-- Opening Marker --
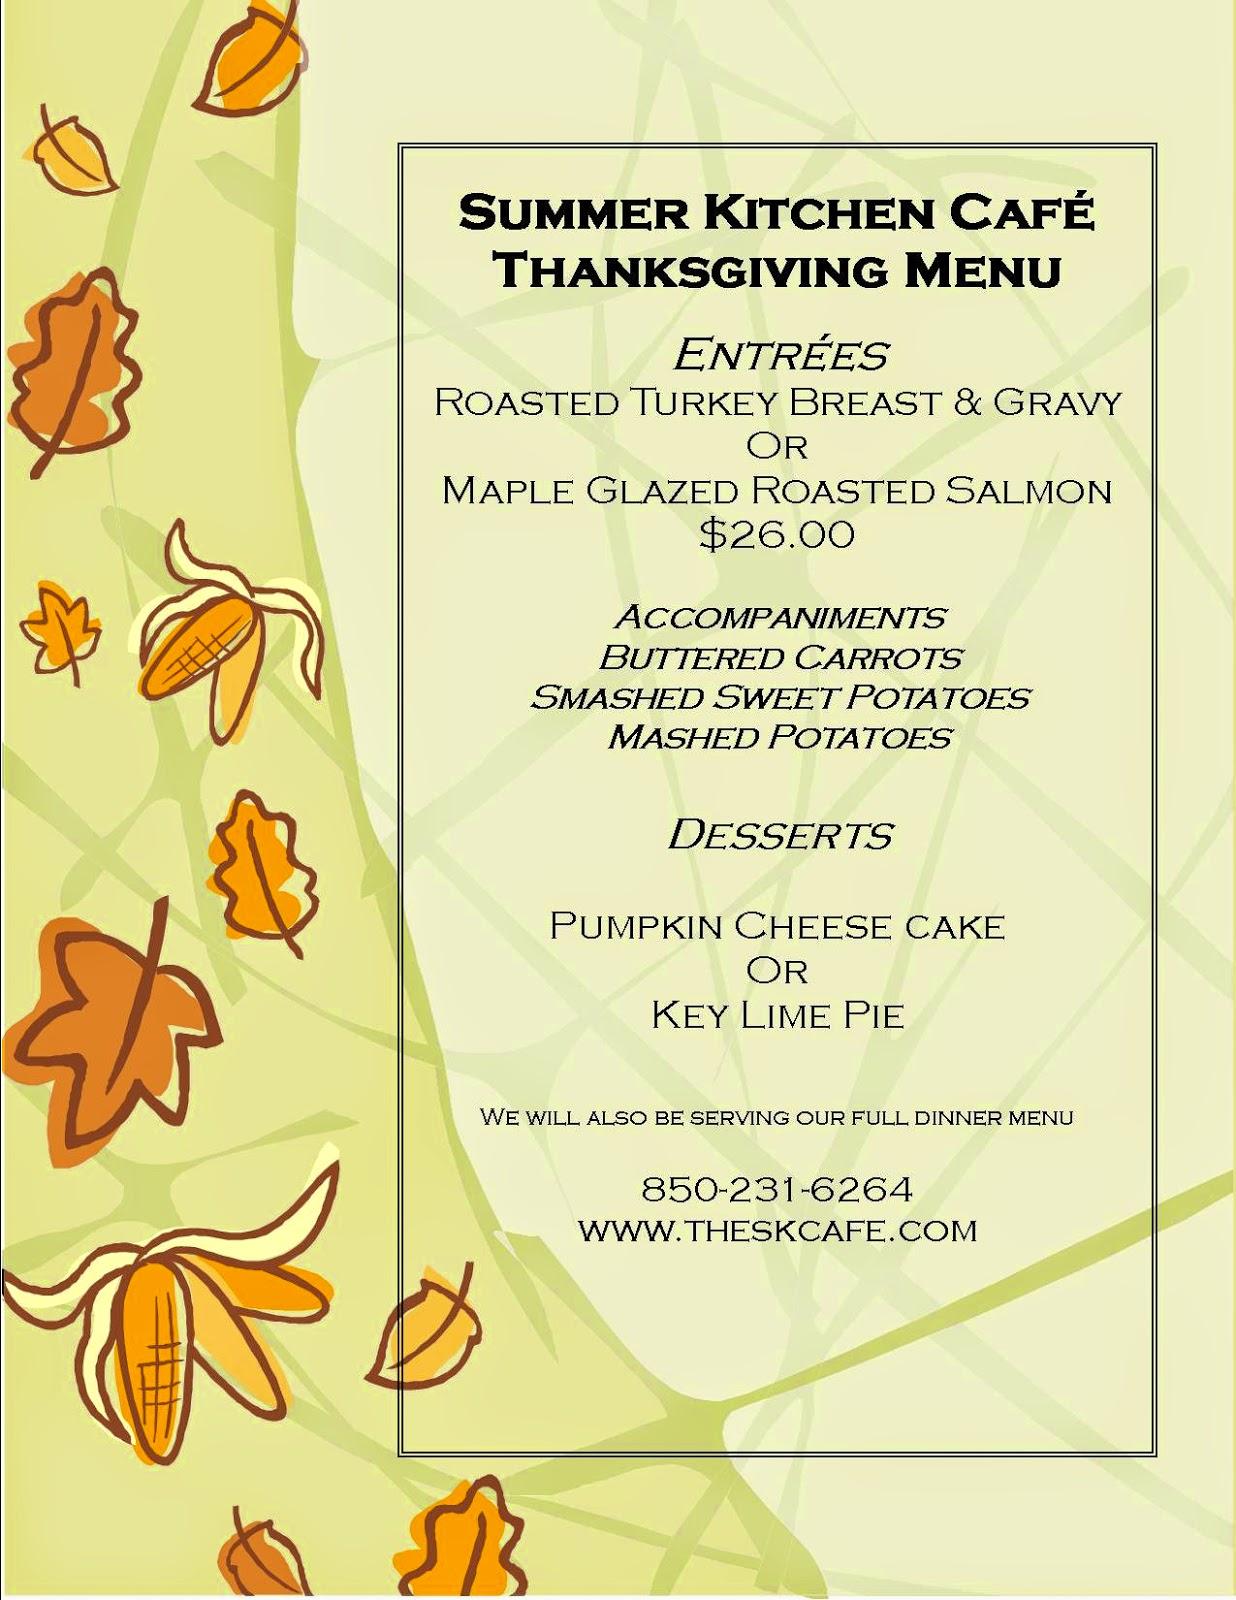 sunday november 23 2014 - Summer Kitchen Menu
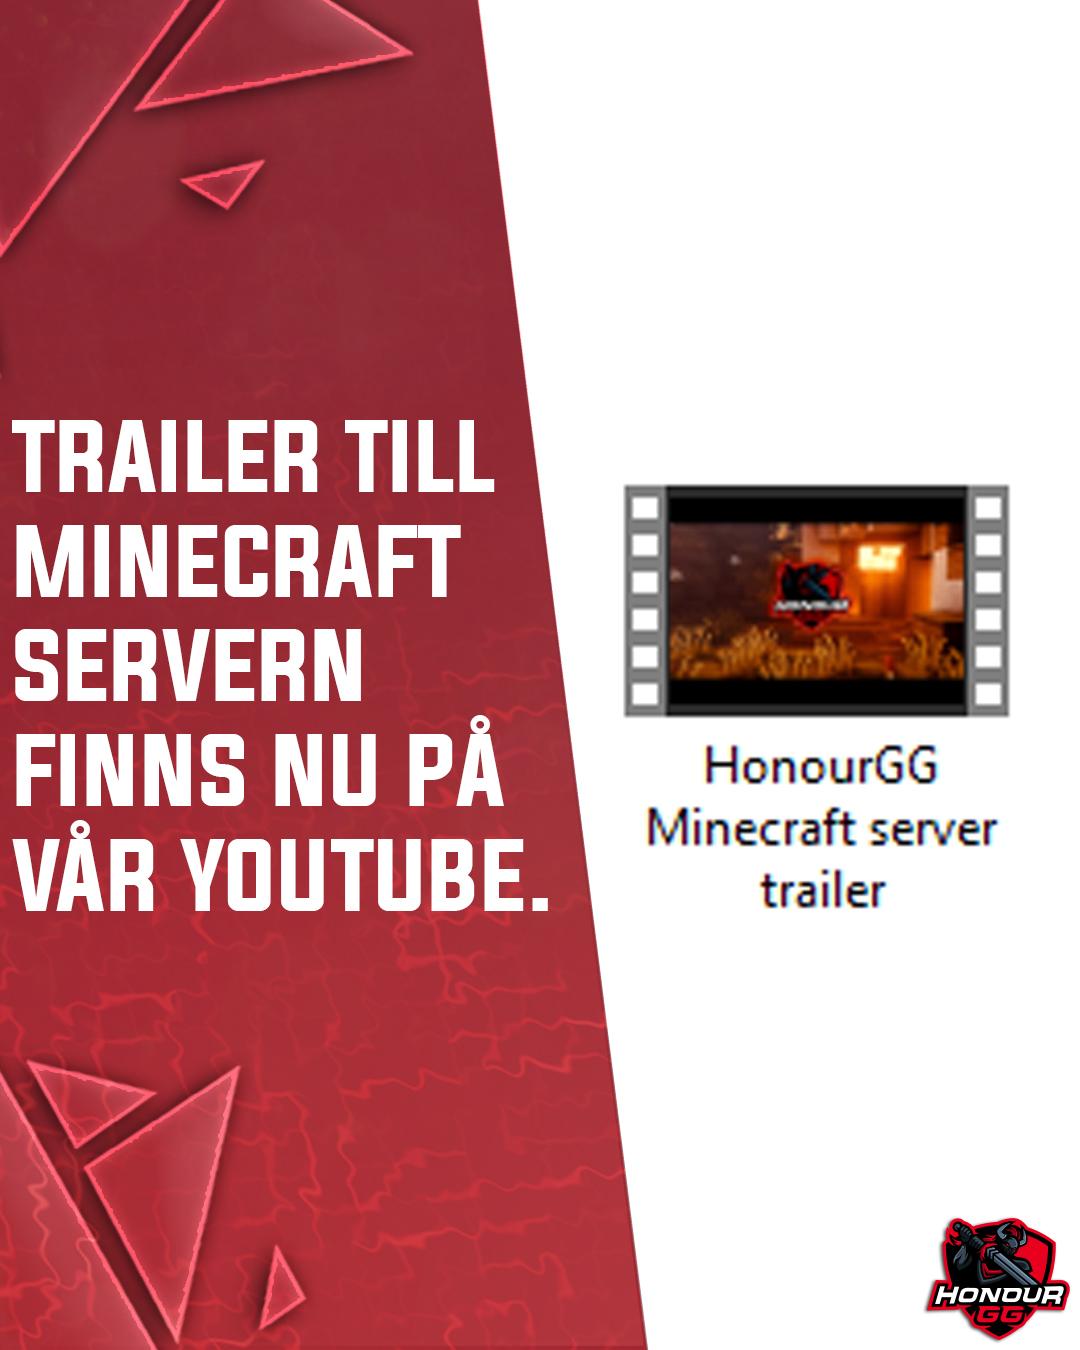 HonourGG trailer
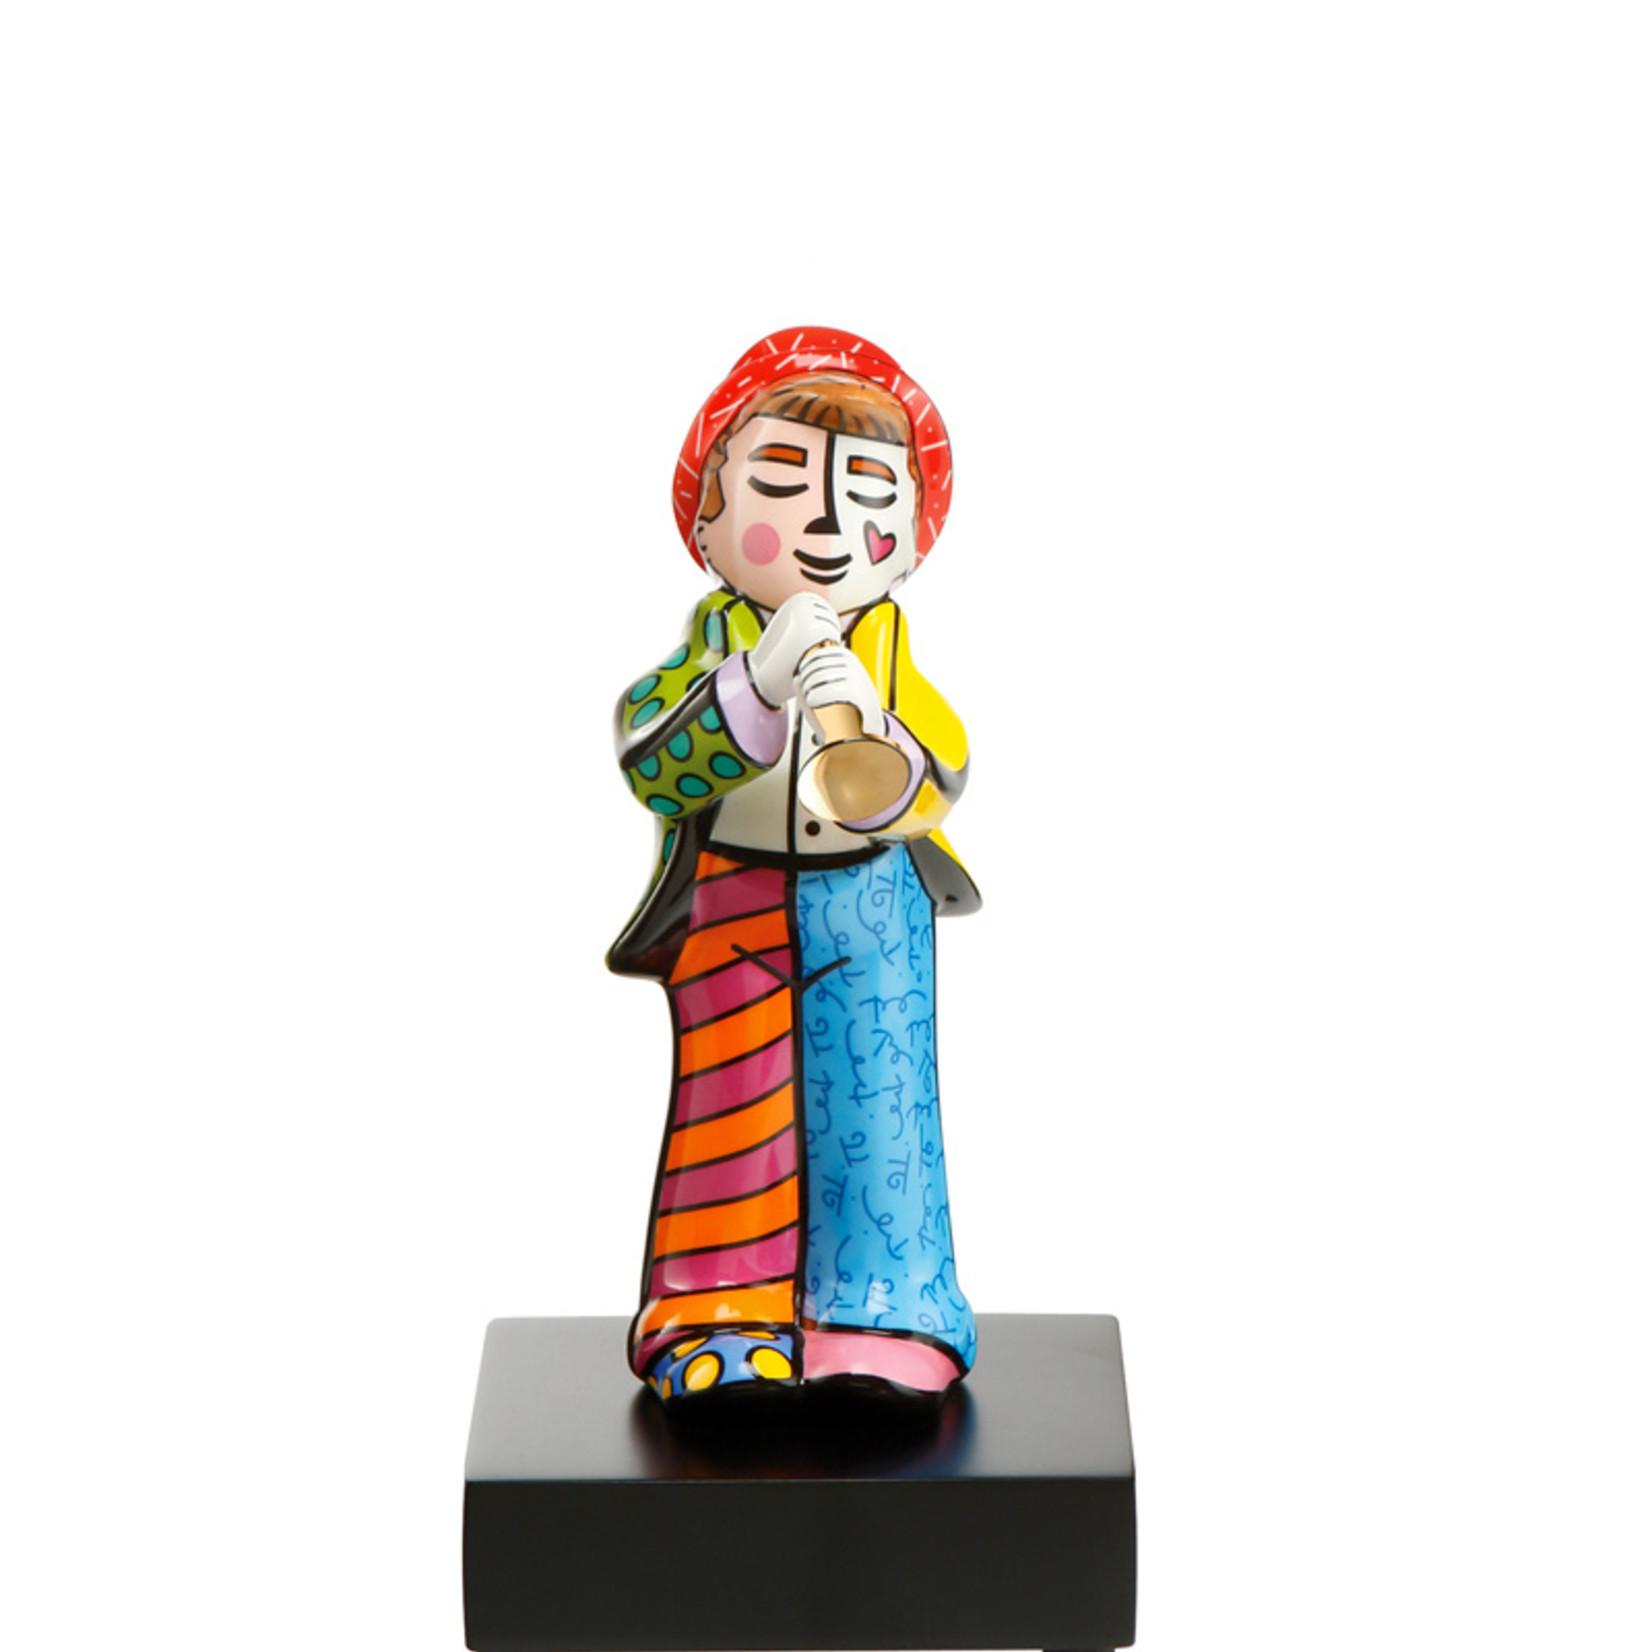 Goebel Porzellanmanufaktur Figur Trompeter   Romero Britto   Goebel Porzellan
-- Closing Marker --
*Your goal*:
Write out all the data exactly, minus pictures.

*Answer space*:
 sunday november 23 2014 - Summer Kitchen Menu
 HonourGG trailer
 Goebel Porzellanmanufaktur Figur Trompeter   Romero Britto   Goebel Porzellan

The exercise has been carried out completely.